Бройер посмотрел на него с непониманием.
– Имею в виду, – пояснил Визе, – что тот, кто понимает истинный смысл Рождества, никак не может быть национал-социалистом.
Столь неожиданный поворот явно выбил начальника отдела разведки из колеи. Чтобы выиграть время, он, прежде чем ответить, принялся возиться с одной из подаренных сигар.
– Не понимаю вас, Визе! – ответил он наконец. – При чем тут Рождество и национал-социализм? Рождество – это… Это островок спокойствия в нынешней суете, время погрузиться в себя и переосмыслить происходящее… Именно в Рождество я снова и снова со всей отчетливостью осознаю, как глубока моя вера, даже если я и не хожу в церковь каждое воскресенье. Это вопрос религии, вопрос мировоззрения, не имеющий ничего общего с политикой… А НСДАП – политическая партия. Не вижу никаких противоречий…
Лейтенант ответил ему неопределенной улыбкой. Бройер нерешительно и поспешно продолжал.
– Так вот, как же я стал национал-социалистом… После тридцатого января тридцать третьего мне стало ясно, что Гитлер – не просто блестящий пропагандист, но и в самом деле выдающийся государственный деятель. Тогда я и вступил в партию – хотел быть в числе первых, знаете ли. Мне казалось, что НСДАП призвана освободить нас от диктаторских уз Версальского договора и создать великий германский рейх. Ей удалось этого добиться, причем бескровным путем. Поэтому, как видите, я национал-социалист – и, полагаю, могу быть привержен национал-социализму всем сердцем.
– О нет, Бройер, отнюдь не всем, – произнес Визе, по-прежнему глядя на обер-лейтенанта чересчур пристально. – По крайней мере с сегодняшнего дня… Национал-социалисты никогда не довольствовались тем, чтобы оставаться всего лишь партией. Они стремятся быть движением, мировоззрением, проникать в самые потаенные глубины человеческого существования. Вы и впрямь доселе не замечали этого, Бройер? К вам никогда не приходили проверить, где висит портрет фюрера, никогда не намекали, что неплохо было бы подписаться на вестник партии? Не объясняли, что Бог есть причинно-следственная связь, настойчиво рекомендуя уйти из церкви? Никогда не вмешивались в ваш семейный уклад, в воспитание детей? Не пытались внушить ненависть к другим народам, чувство спесивого превосходства вашей расы над другими? Не проповедовали добродетель откровенного насилия?

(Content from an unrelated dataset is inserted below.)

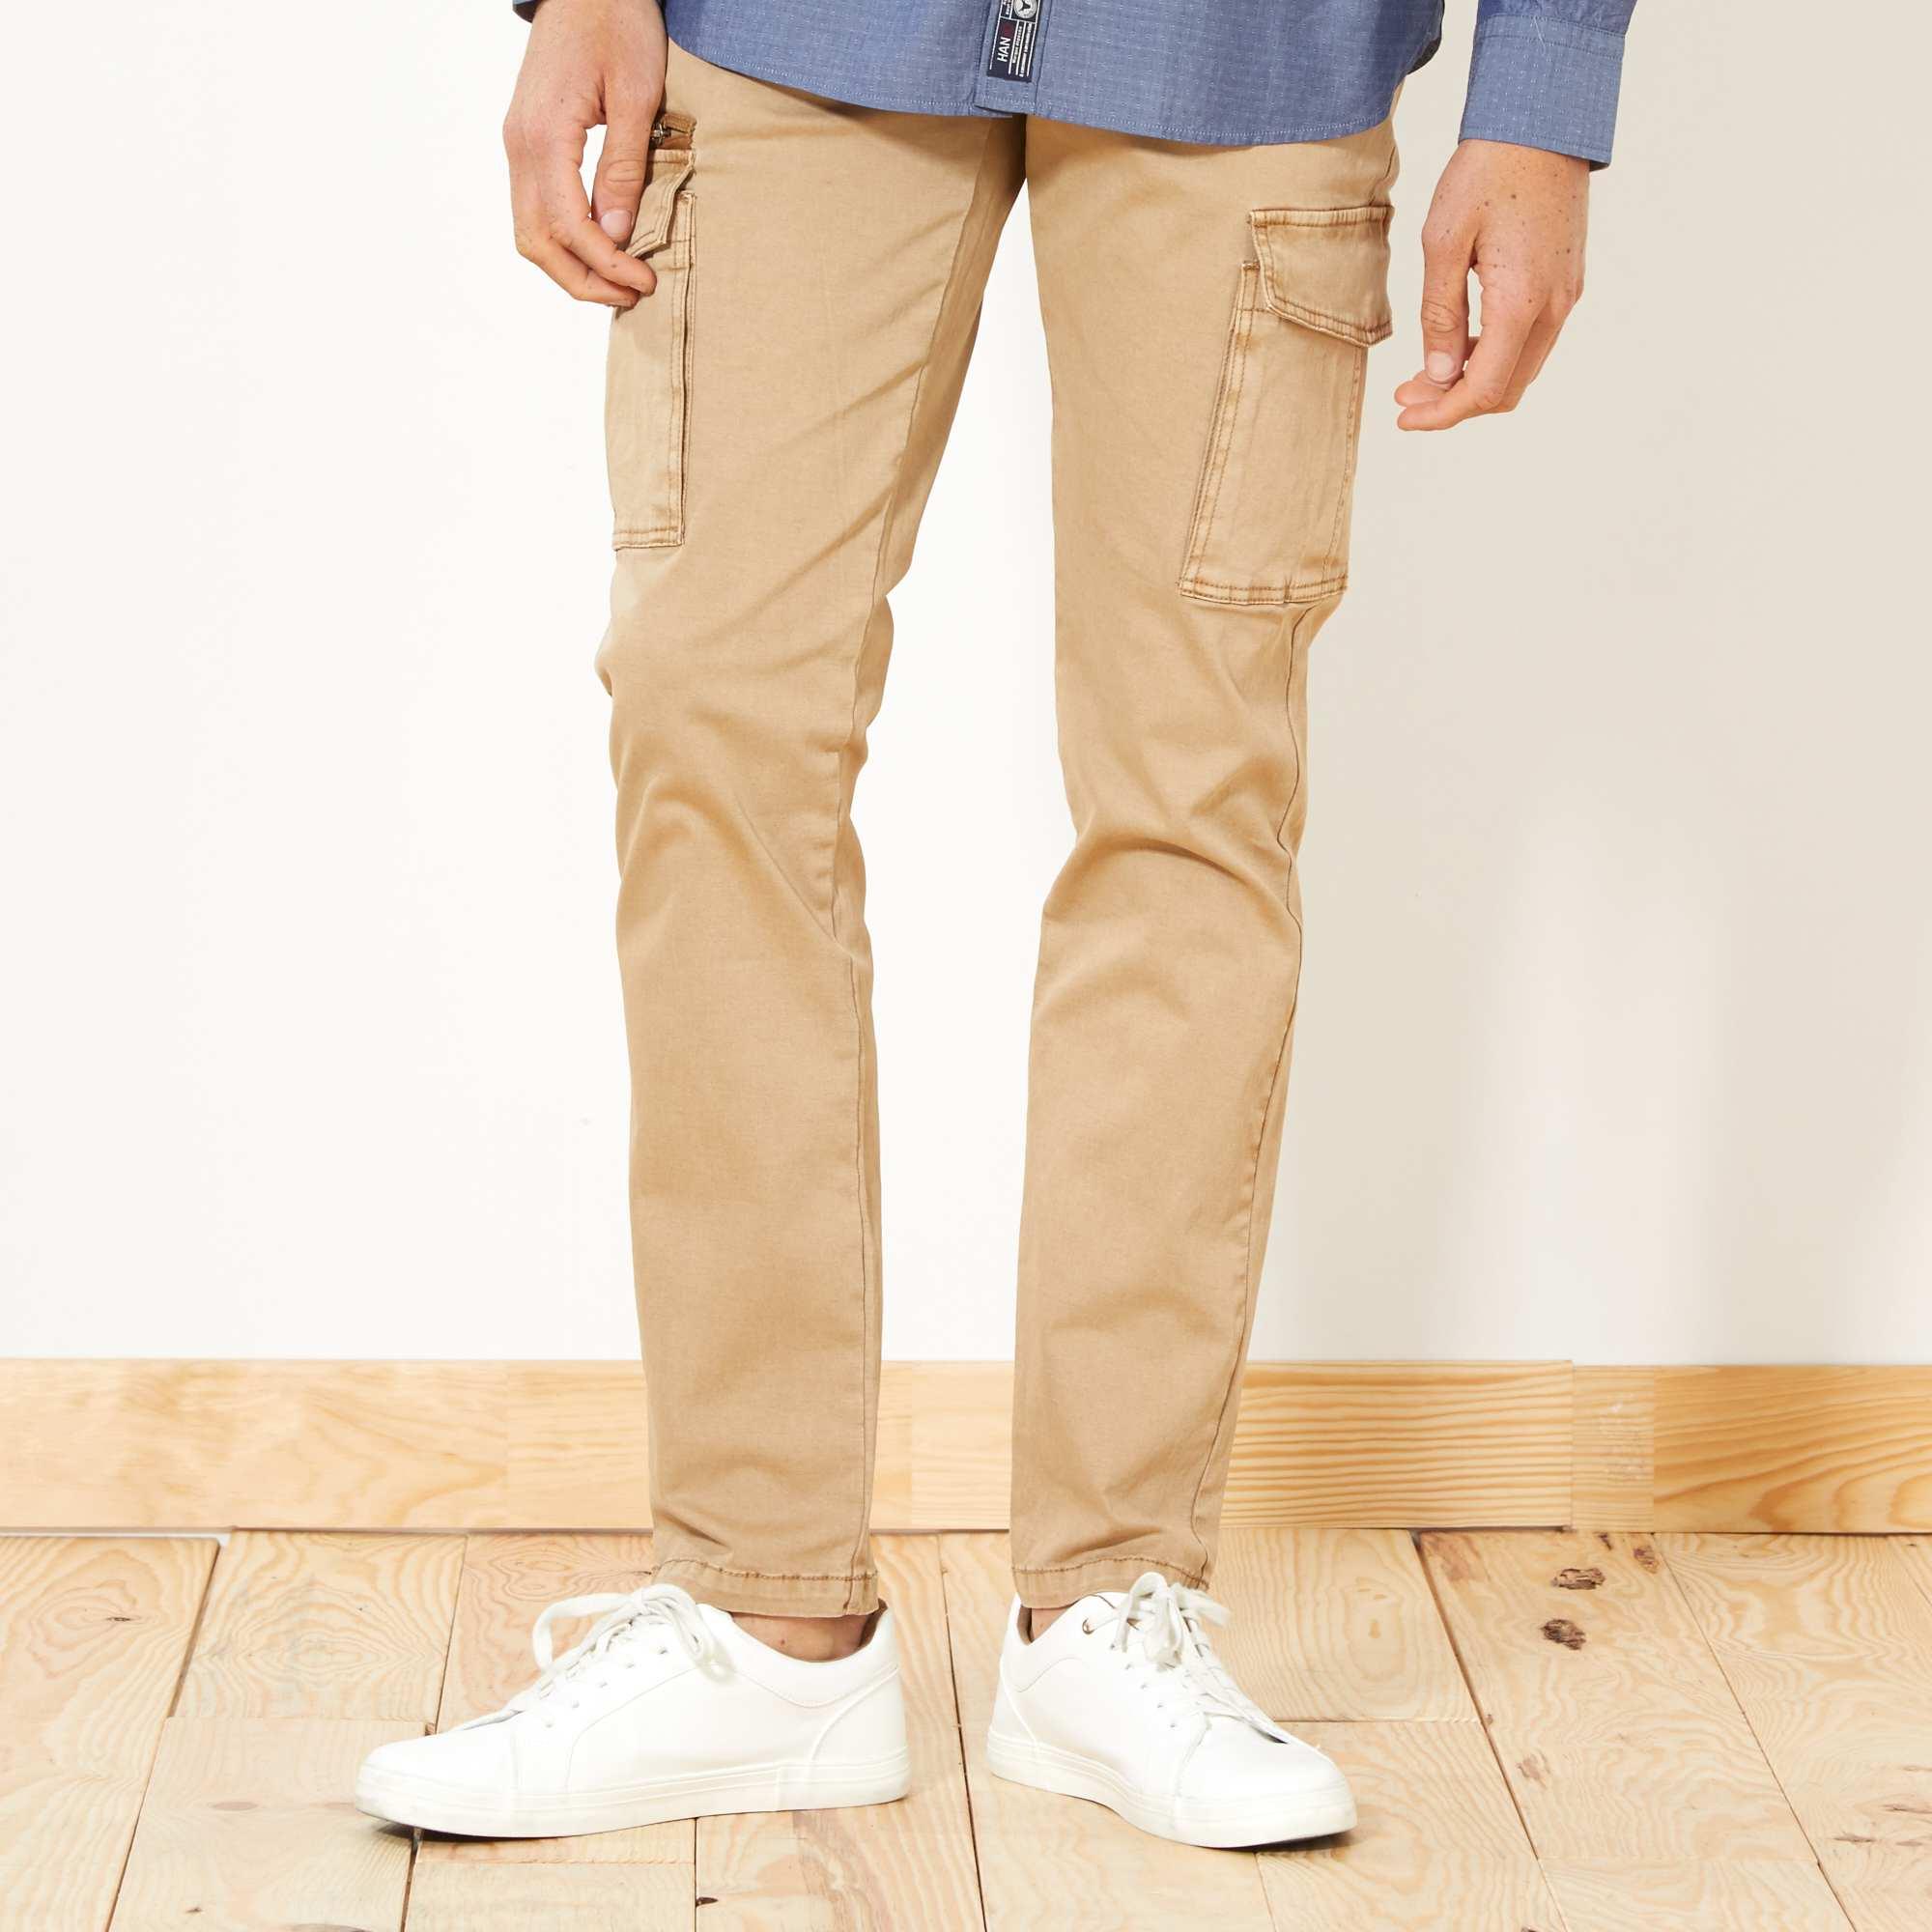 9c75d667d7 Pantalón slim con bolsillos cargo BEIGE Hombre. Loading zoom
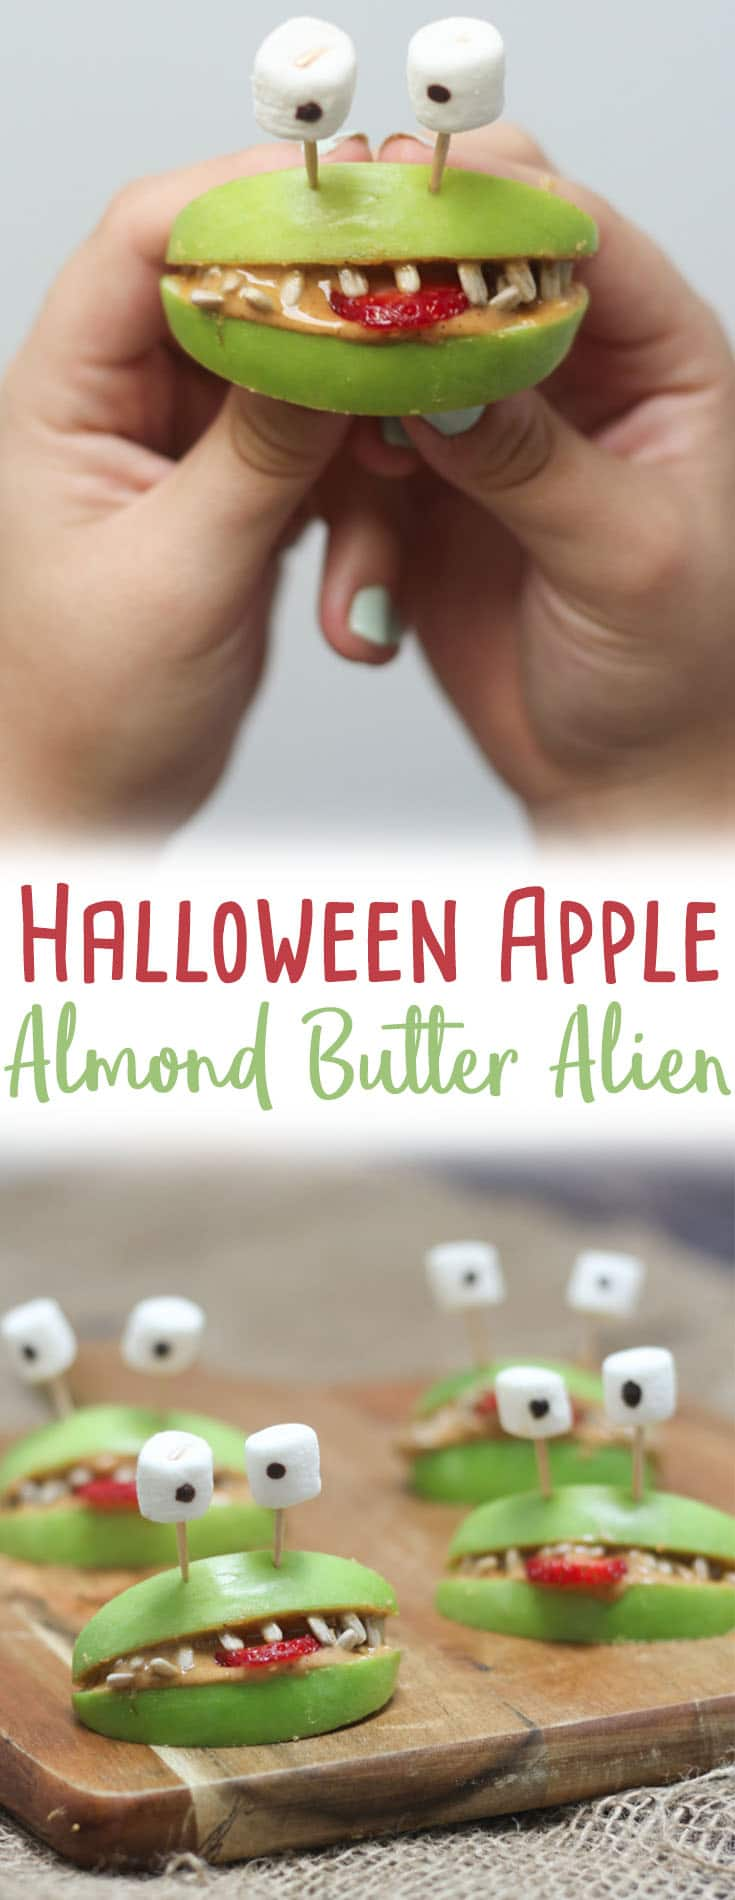 "Pinterest image of Halloween apple alien smiles with marshmallow eyes with the overlay text \""Halloween Apple Almond Butter Alien.\"""

Не исключаю, что как раз вы этого не замечали, пребывали в уверенности, что вам присуща свобода мысли. Сколь многие полагали, будто, пожертвовав выходным днем ради службы в штурмовых отрядах, смогут одним лишь этим и откупиться, и не замечали, как в них неудержимо проникает яд, как они незаметно для себя становятся другими.
Сигара Бройера погасла, но он не придавал этому значения. Он знал, что глубоко внутри него есть сокрытые за семью печатями залежи динамита, способные высвободить все недовольство и тревогу последних лет. Всякий раз самого его охватывал страх, как только он понимал, что в мыслях приблизился к одному из этих тайников – а сейчас он с растерянностью наблюдал, как собеседник его, отпустив поводья, сломя голову несся на этот пороховой склад.
– Думаю, вы делаете из мухи слона, Визе, – с хладнокровным превосходством произнес обер-лейтенант. – Все отнюдь не так плохо. В одном вы, возможно, правы: кое-что в системе оставляет желать лучшего. Существуют необузданные, зарывающиеся дикари. Но они лишь последние экземпляры, оставшиеся со времен борьбы, единичные случаи, исключения из общего правила…
Бройер вдруг осознал, что еще недавно его самого поучали практически теми же словами, и от этого ему стало не по себе. Но он продолжал.
– Где есть зерна, не обойтись и без плевел! Но как раз сейчас не стоит обращать на это внимание. Это ослабит нас в желании противостоять… Лучше помнить о тех великих достижениях, которые Гитлеру удалось совершить всего за несколько лет: он добился народного единства, создал всегерманский рейх, в котором у каждого есть работа и хлеб. Весь мир завидует нам!.. То, что эти блага поставлены на кон в войне, которой совершенно точно не желал ни один немец, чудовищно. Сама мысль о том, что, если сталинградская кампания провалится, ее, возможно, уже не выиграть, ужасает.
– Вы правы, Бройер, ее уже не выиграть, – отозвался Визе, – потому что выиграть ее недопустимо.
Начальник разведки вскочил, выронив сигару. Он почувствовал, как сердце его сковало холодом.
– Недопустимо?.. Не понимаю, – пробормотал он. – Подумайте, что вы несете! Вы… Нет, вы же это не всерьез?!
– Нельзя допустить, чтобы Германия выиграла эту войну, – невозмутимо повторил лейтенант. – Вы понимаете, что произойдет, если она завершится победой, которой так жаждет Гитлер?.. Он получит неограниченную власть. Не останется никого, перед кем еще стоило бы притворяться. Спадет последняя, и без того символическая маска, сквозь которую уже сегодня просвечивает гримаса сатаны. И вот тогда, помяните мое слово, взору всего мира предстанет зрелище, против которого реки крови, пущенные Нероном, покажутся детским лепетом. Беззаконие и безнравственность… Разведение человеческих рас скотоводческими методами… Культ силы и жестокости, верховный принцип которого – эксплуатация слабого!.. Будут уничтожены или порабощены целые народы – просто потому, что их волосы или кожа не такие светлые, как надо. А наш народ, народ поэтов и философов, воплощение лояльности и справедливости? Из нас сделают варваров, ораву бестий и разбойников, дармоедов и паразитов! Мы ведь уже ступили на этот путь. Разве вы не видите, как война, которую мы же и развязали, самих нас превращает в животных?!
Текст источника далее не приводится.